IMG_3135Thomas Dirven
(born in 1998) still attends high school. He lives near Antwerp in Belgium. When he listens to people’s stories, he loves passing them on to others. One of the things he certainly wants to do before he dies, is to write his own book.

  1. I am Scottish and know my father serving in WW2 fathered a son in Belgium. I even have a picture of him. We found the photo when clearing out the house. My brother said ‘ Which one of us is that’ as he looks like 2 of my brothers. My sister and I were only ones who knew so told rest of family- he is your brother Jacques! I feel sad that he probably grew up never knowing he has brothers and sisters in UK.

  2. My father was a U.S. soldier in Ww11.He always talked to me about Helena the Belgian girl he loved and left behind after the war.My mother told me he wanted to bring he back to the States but the army wouldn’t let him.I wish he had told me more a last name or the name of the city.Helena was pregnant and still breaks my heart he had to leave her and the baby behind.Hr always told me the Belgian people were very kind even during war times.Apparrently it was just Helena her sister and their daddy.He said they lived in a city with a huge staircase like an auger.I wish I knew more.Helena may have passed away,maybe the child to but her memory was always in my daddy’s heart..Sgt Dennis Grant Miller of the U.S.Army WW11.

  3. My father told me before he did that he had fathered a son with a woman who lived in Austria. I don’t know her name – only that she was an opera singer. He had spoken of the “opera singer” fondly for all my life but I did not know about my half- brother until just before my dad passed away. I would love to have a way to find him but given the small amount of information I have, I don’t know where to begin. Howard Thomas was my dad’s name.

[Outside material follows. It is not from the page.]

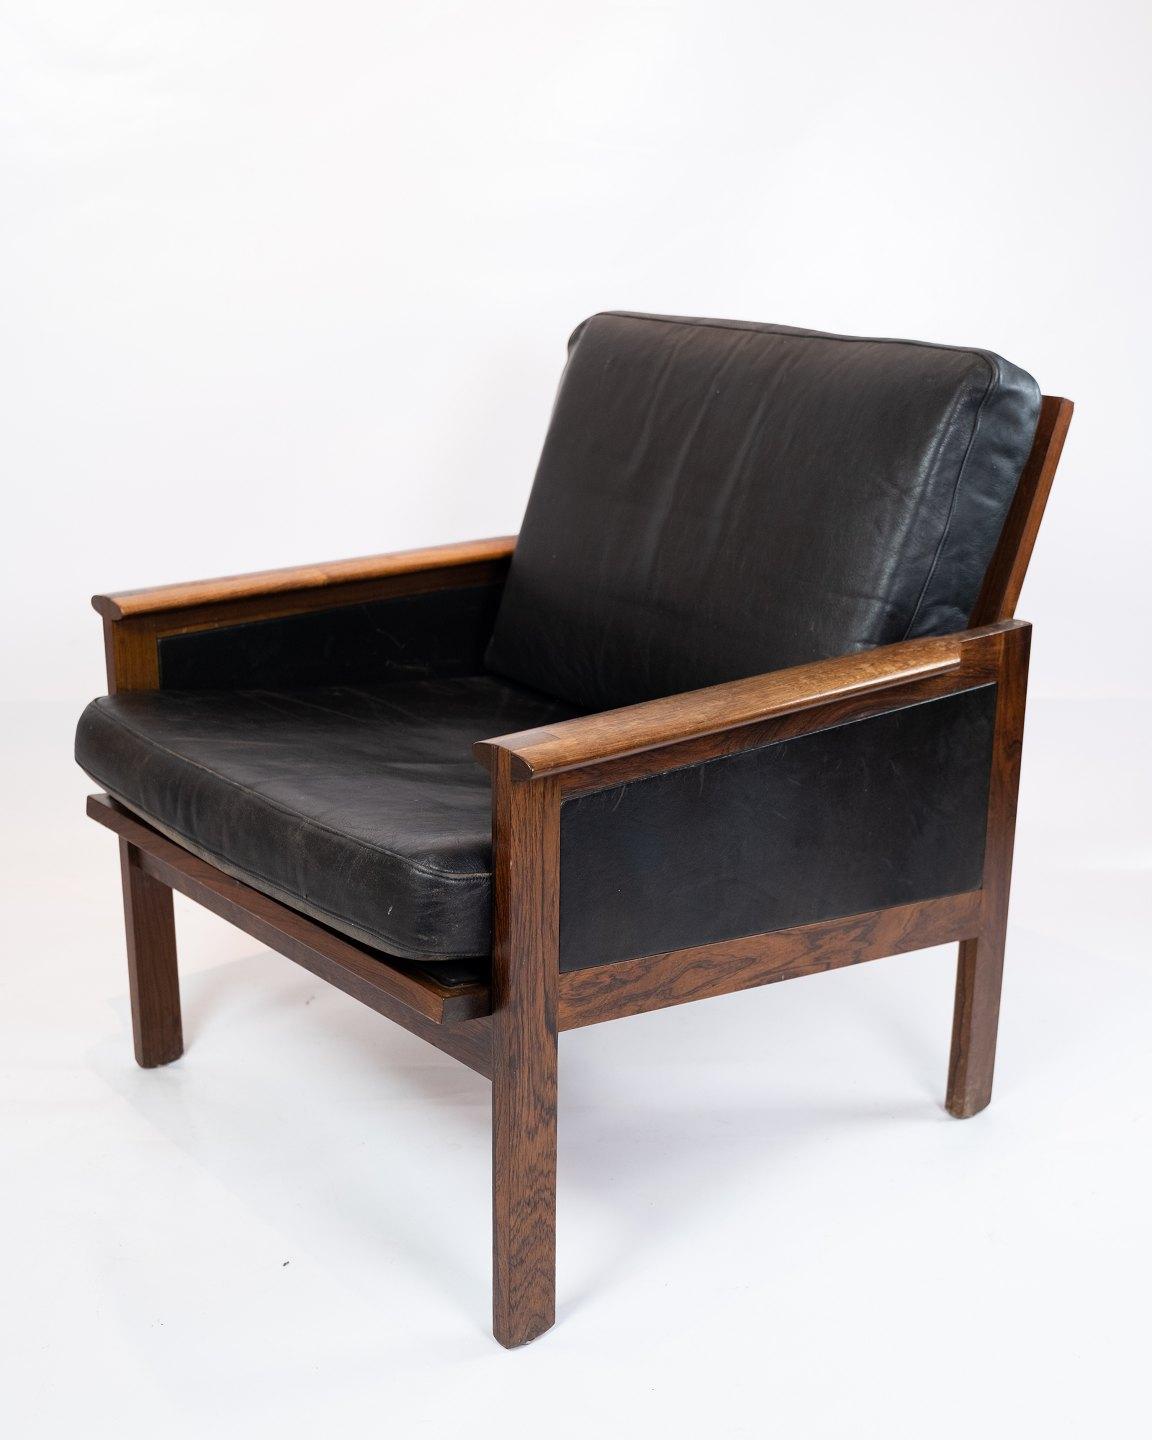 Une paire de fauteuils, modèle Capella, en bois de rose et cuir noir élégant, conçus par Illum Wikkelsø dans les années 1960. La paire est en excellent état vintage.
  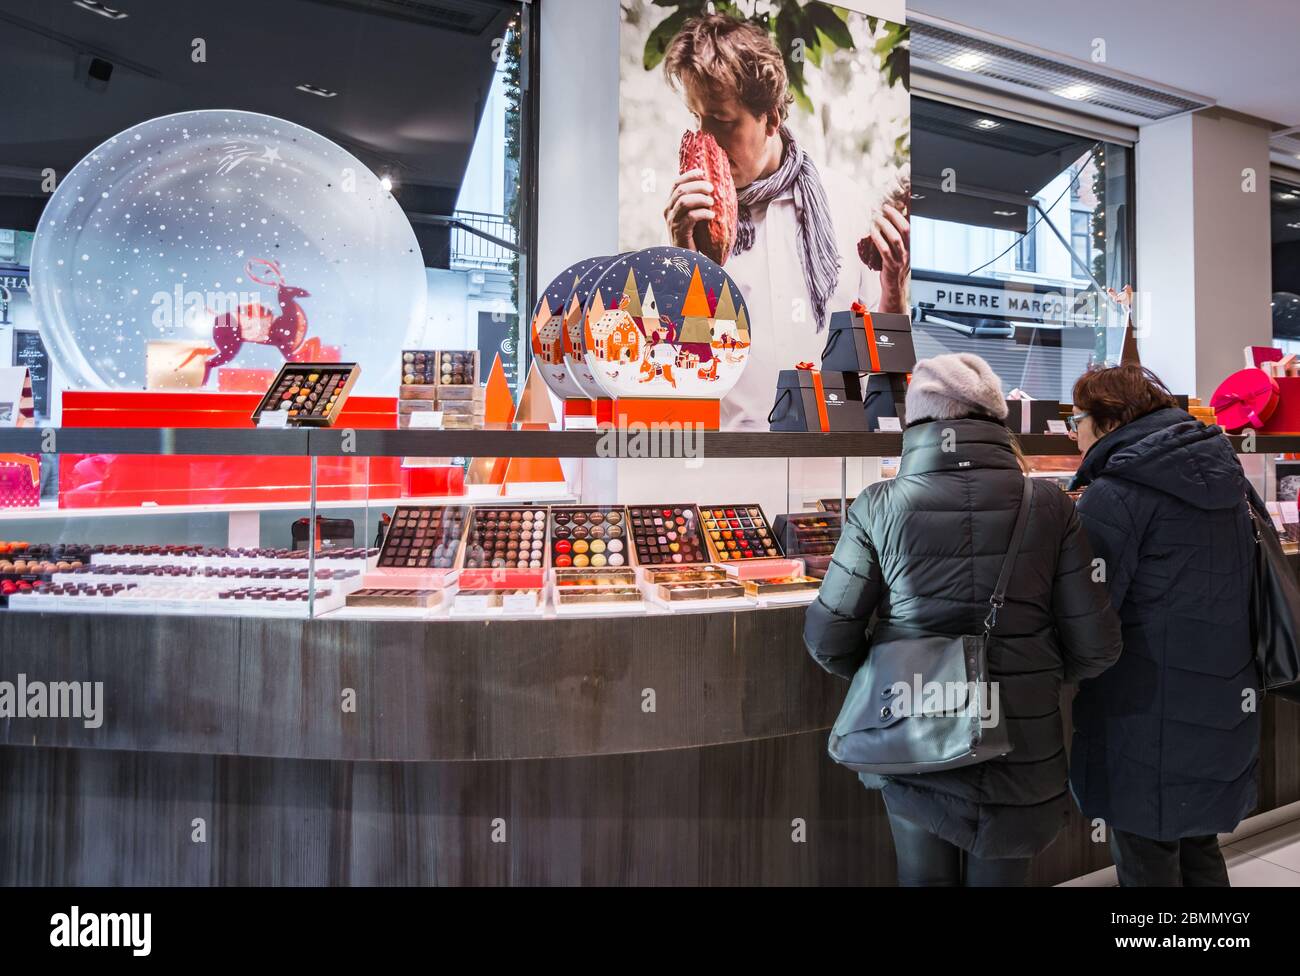 Pierre Marcolini un lussuoso negozio di cioccolato belga - interno del negozio durante la festa di Natale - Bruxelles, Belgio - gennaio 2020 Foto Stock

  4. Do you have any contact information for Gerlinda Swillen?

    • Dear Lisa, we are not in touch with her personally. Sorry. All the best!

  5. My grandfather, William Hunt, stayed with the Persoons family in Brussels (1942 to 45) during the war. They had a daughter Simone. My father believes that he has a sister but doesn’t have any details. We are doing what we can to see if this is the case and make contact. If anyone reads this and could shed any light it would be appreciated.